Decision & Order from the South Carolina Supreme Court, 9/17/2014

sc-supreme-courtOn Wednesday, 9/17/2014, the South Carolina Supreme Court published an opinion and an order.

In Major v. City of Hartsville, the Court reserved the decision of the South Carolina Court of Appeals and trial court.  Both the trial and appellate courts granted and affirmed the City’s request for a summary judgment.
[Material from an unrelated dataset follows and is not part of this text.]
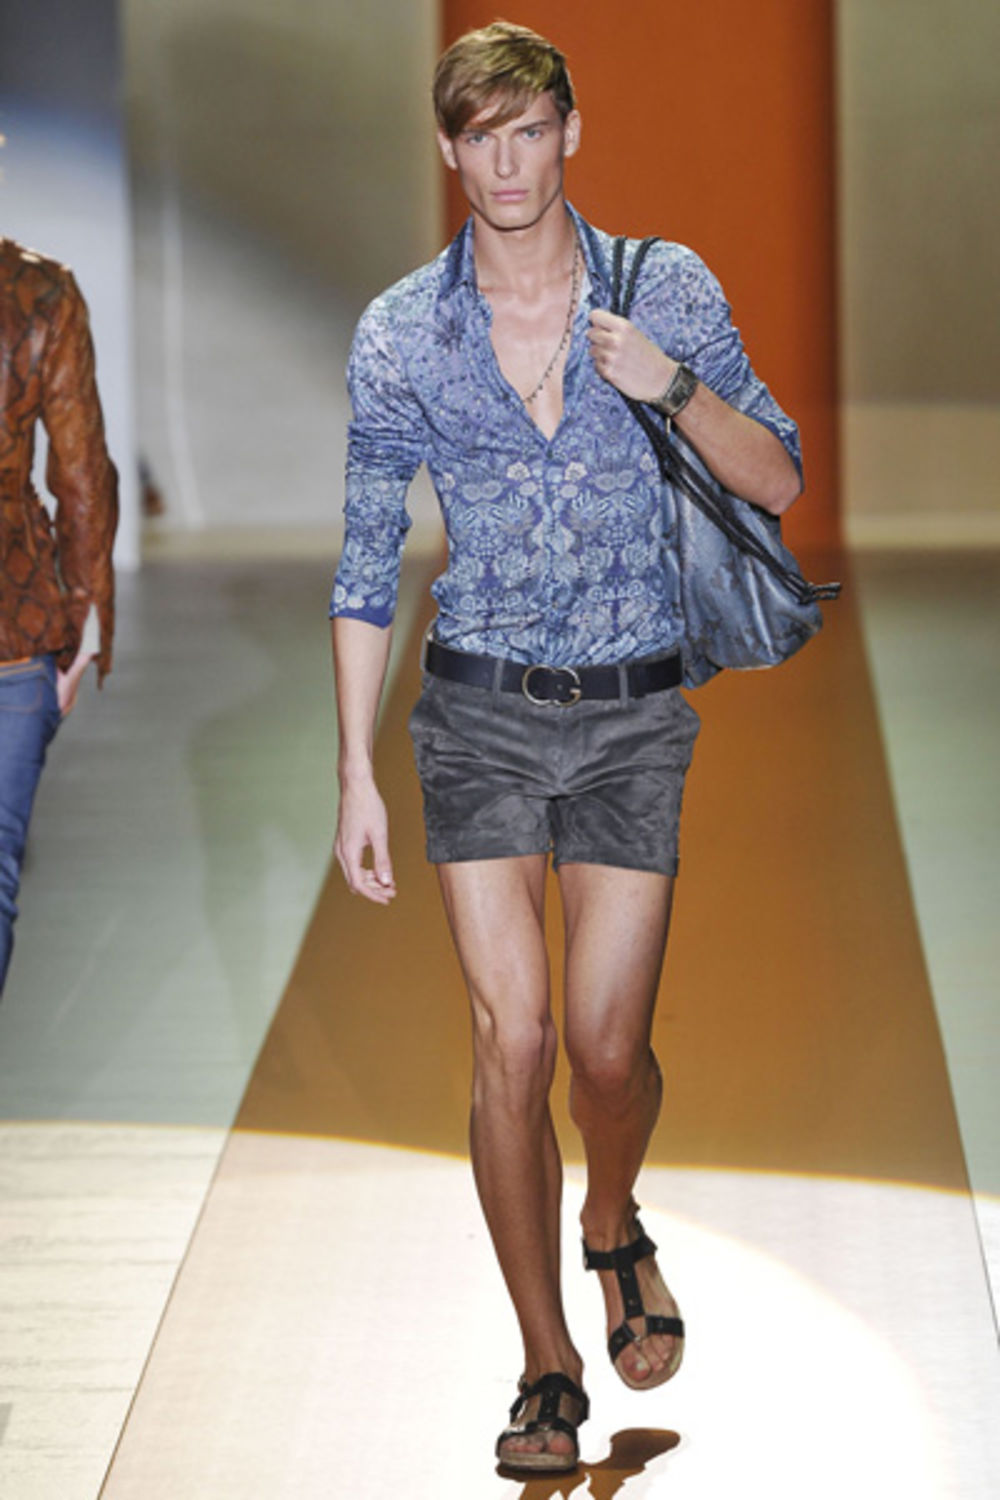 Trenutno najtraženiji i najplaćeniji srpski model, Nikola Jovanović, zaštitno je lice modne imperije Gucci.

Major fell and hurt her ankle in an unpaved intersection owned by the City.  At issue was whether the City had notice, either actual or constructive, of the defect and the need to repair it.  The trial and appellate courts concluded that there was no evidence to indicate that the City had notice of the rut that caused Major’s injury nor  the need to repair it.  The South Carolina Supreme Court reversed, holding that “…a genuine issue of material fact exists as to whether respondent should be charged with constructive notice on the basis that the rut existed for such a period of time that respondent, in the use of reasonable care, should have discovered it.”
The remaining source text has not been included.